One design choice that we felt turned out well was something we called a "luid". A "GUID" is a Globally Unique IDentifier; naturally, a "luid" is a Locally Unique IDentifier. LUIDs are names associated with data coming from or going out over the network. They're allocated locally, and are only guaranteed to be unique on the node where they were allocated. Thus, if you send a luid to another server, e.g. as metadata as part of a request, the other server probably shouldn't use that luid as a key in a dictionary, as it's not guaranteed to be unique in their namespace. If you get a luid as part of a network message, you should include it as part of your response, and otherwise you shouldn't do anything with it.
One aspect of our design is that the various server nodes don't maintain permanent open connections to each other. If node 1 sends an AppendEntries request to node 2, it opens a socket to node 2, dumps the bytes down the socket, and closes the connection. When node 2 wants to send its response, it opens a new socket to node 1, dumps the response bytes down that socket, and closes. In a conventional, state-ful keep-open-the-connection style of networked server design, you'd associate the request with the open socket. Since we can't do that, we needed to associate it with some other ID; the luid became that id.
Luids are used on both sides of a server-side RPC call.
The sending server uses a luid as the transaction_id
in the "envelope" containing the RPC call, which is
returned as part of the response. And when a network
message comes in off the wire from a remote server,
the server assigns it its own luid, to track it locally.
Note that the "abstracted server" never deals with luids. All luids are assigned and managed in the driver.
It sounds a bit complicated but it really isn't. And actually
it paid off in one really lovely way: internally we have a
generator function that makes it easy to create an iterator
that returns successive luid values, assembled from a readable
text string and a monotonically increasing number. This was
a boon during debugging; instead of a message associated
with a conventional GUID--a meaningless string of 32 hex
digits with some dashes--our "luids" communicated information
about the object with which they were associated,
like 'remote-request-5'.
One final note: the client uses real GUIDs, not luids, when making requests to the server. This was necessary to support the "repeated requests don't commit twice to the log" feature. To save space, these GUIDs are losslessly compressed, from 36 bytes to 16 bytes, by throwing away the dashes and merging each pair of hex characters into one byte.

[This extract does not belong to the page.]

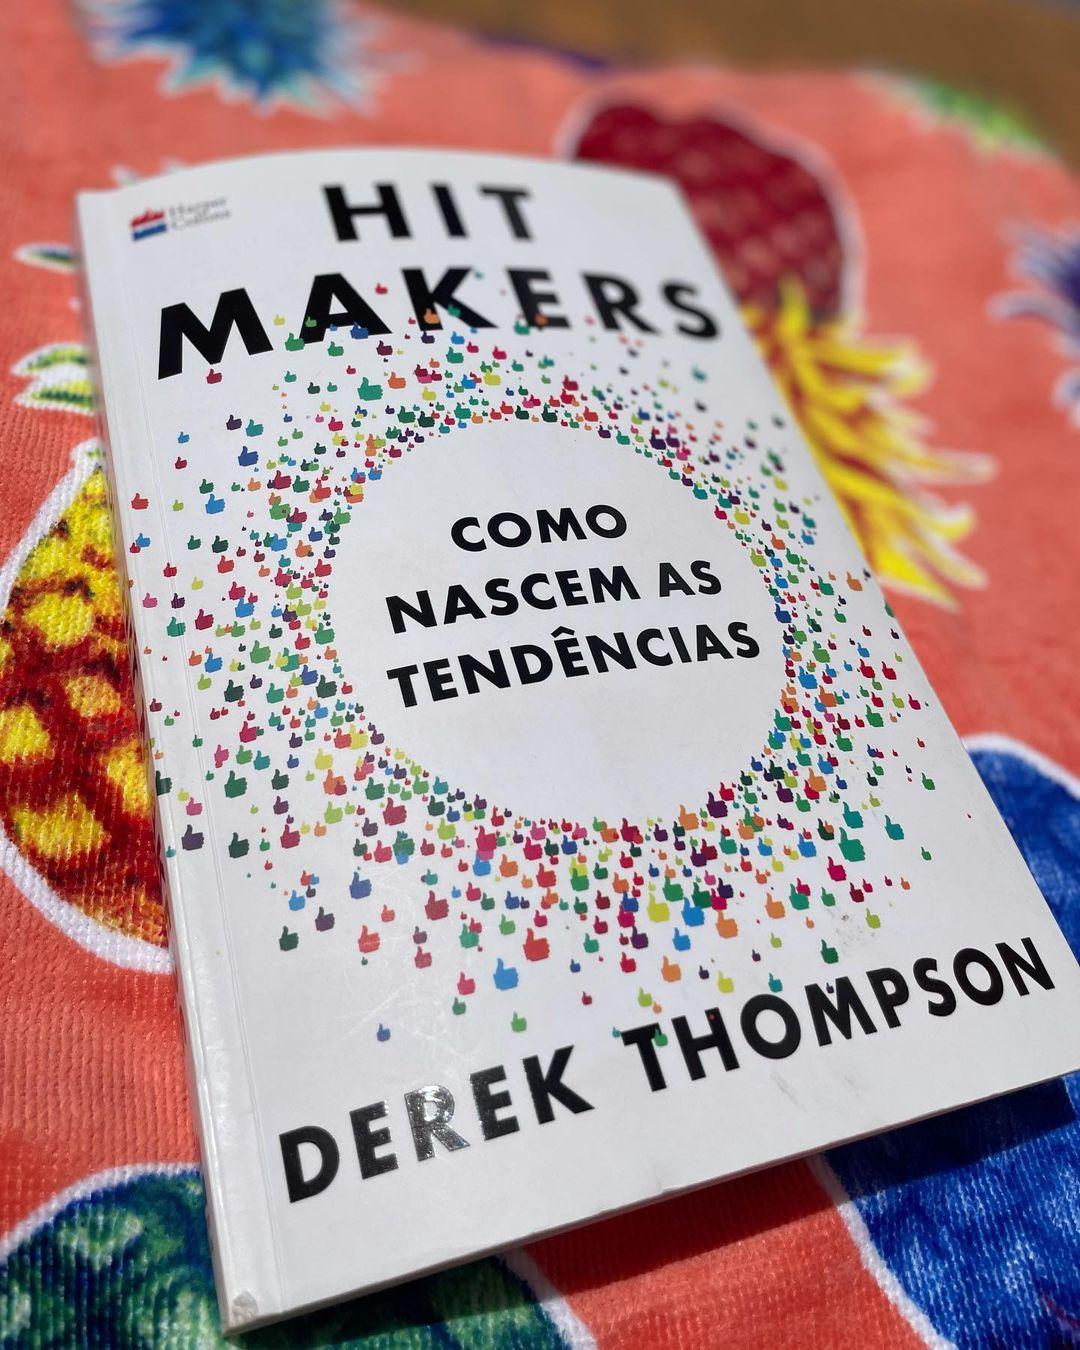 hit-makers-como-nascem-as-tendencias-iara-leao-consultoria-1

Raft calls for 1-based indexing; that is, the first entry
in an array is index 1. W instead use 0-based
indexing for the log, like a Python array. We therefore
use -1 as the magic value for "leaderCommittedIndex"
when the log is empty.
The Raft choice of using 1-based indexing is a bit perplexing--did they initially write it in Pascal? Apart from changing to 0-indexing, we more or less adhered to sending values in messages in the spirit of what the Raft protocol requires. This required a certain amount of "adding 1 here" and "subtracting 1 there", which is confusing. Doing it this way felt more sane in the context of the weeklong class where we wrote this project, as we felt fidelity to what the Raft paper dictates would be less confusing overall. It's remotely possible we'll revisit this decision in the future, slightly altering our wire protocol so our logic can have fewer +1s and -1s for computing indices.
(In particular, we note that 1-based "the index of the most recent committed entry" is the same number as "the count of committed entries". So we could send the latter, and by happy coincidence it'd be the same number Raft wants us to send, and everybody's happy.)